How to Make a Simple Paste Resist to Create Nature Inspired Designs on Fabric

Process of katazome paste resist. Shows stencil, finished dyed design and pasted fabric.
Watercolour paper stencil, finished indigo dyed design and pasted fabric prior to dyeing.

After meeting with Rob Jones of Romor Designs last year who showed me how to make simple paste resist I have been working and experimenting with paste resist.

I made some stencils and transferred paste through them on to fabric to make a couple of straightforward designs. I am eager to try more experiments, it is a very pleasing process. And a lot faster than shibori stitch resist!

Let Me Tell You About My Experiments With Paste Resist and Indigo

1. The Paste

Traditionally one uses a special Japanese rice flour and bran which I cannot obtain here in the UK. I could buy it at an outrageous cost from the USA but I need to find a recipe from affordable ingredients I can obtain here. It also makes it more accessible to others.

paste mix calx and glycerine added
The paste has been beaten and calx and glycerin added.

I followed the instructions on John Marshall’s website here. Using glutinous Thai rice flour instead of the mochiko and oat flour instead of komon nuka in his recipe in a proportion of 3 to 2. I bought the calx and glycerine too, all easily available from a builder’s supplies and a chemist shop (drugstore) respectively. I found a steamer in a charity shop (Goodwill).

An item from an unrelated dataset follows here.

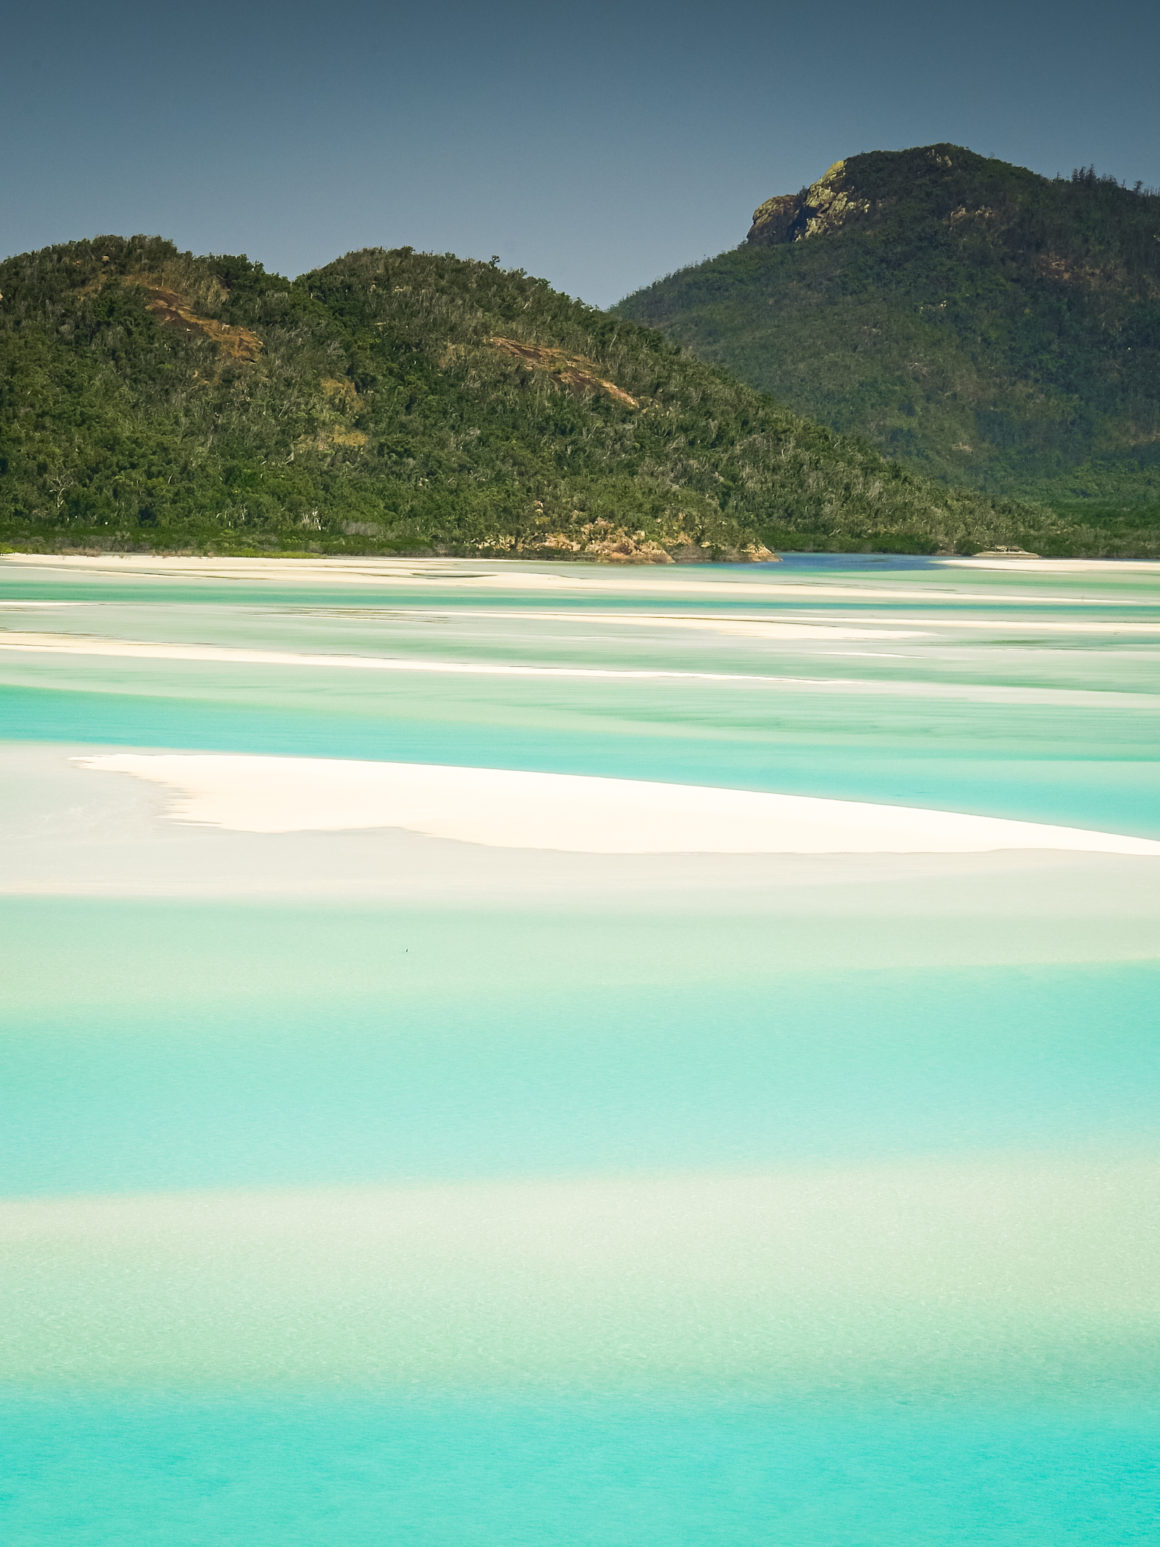 Whitehaven beach, Queensland, Australia © Claire Blumenfeld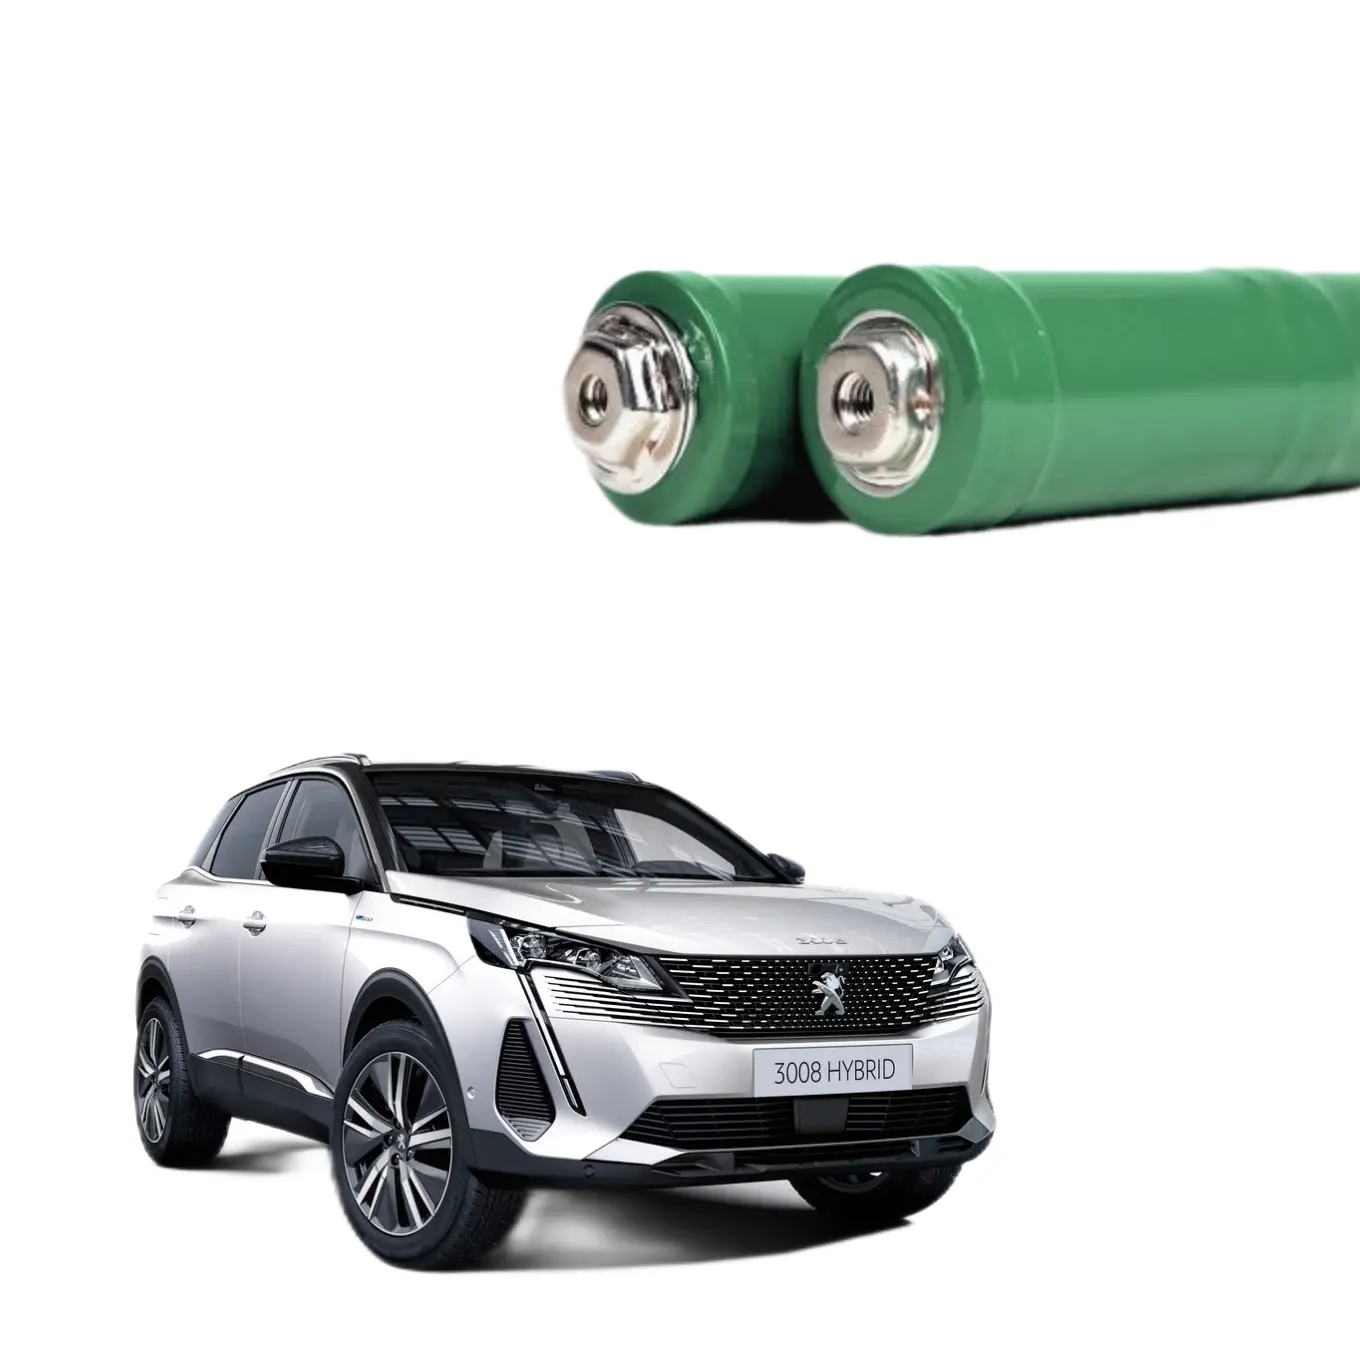 Fabbrica 201.6V 6.5Ah ni-mh batteria ibrida cilindrica per auto per Peugeot 508 2012 2013 2014 2015 2016

plug in steamer for making paste

2. The Stencil

The special Japanese paper for stencils is very expensive too and I can’t obtain it here so again experimented by using watercolour paper and varnishing with a matte paper varnish like Liquitex. I used 3 coats allowing to dry between each. Again further experiments to be made to avoid the use of acrylics. I used an ordinary craft knife to cut my designs.

Watercolour paper stencils

3. The Results

My simple paste resist was a bit sticky but it worked well enough to make a few prints.

I played with a simple flower design and a bunch of grasses to see how it would all work out. Above shows the paste applied to the fabric and then left to dry for a few hours before dipping in indigo.

My simple paste resist was not entirely successful, the mix was a bit wet and the paste fermented after only a week but I know what mix I will try next, it needs to be a little dryer. I will update you when I have played further and found a better mix of ingredients.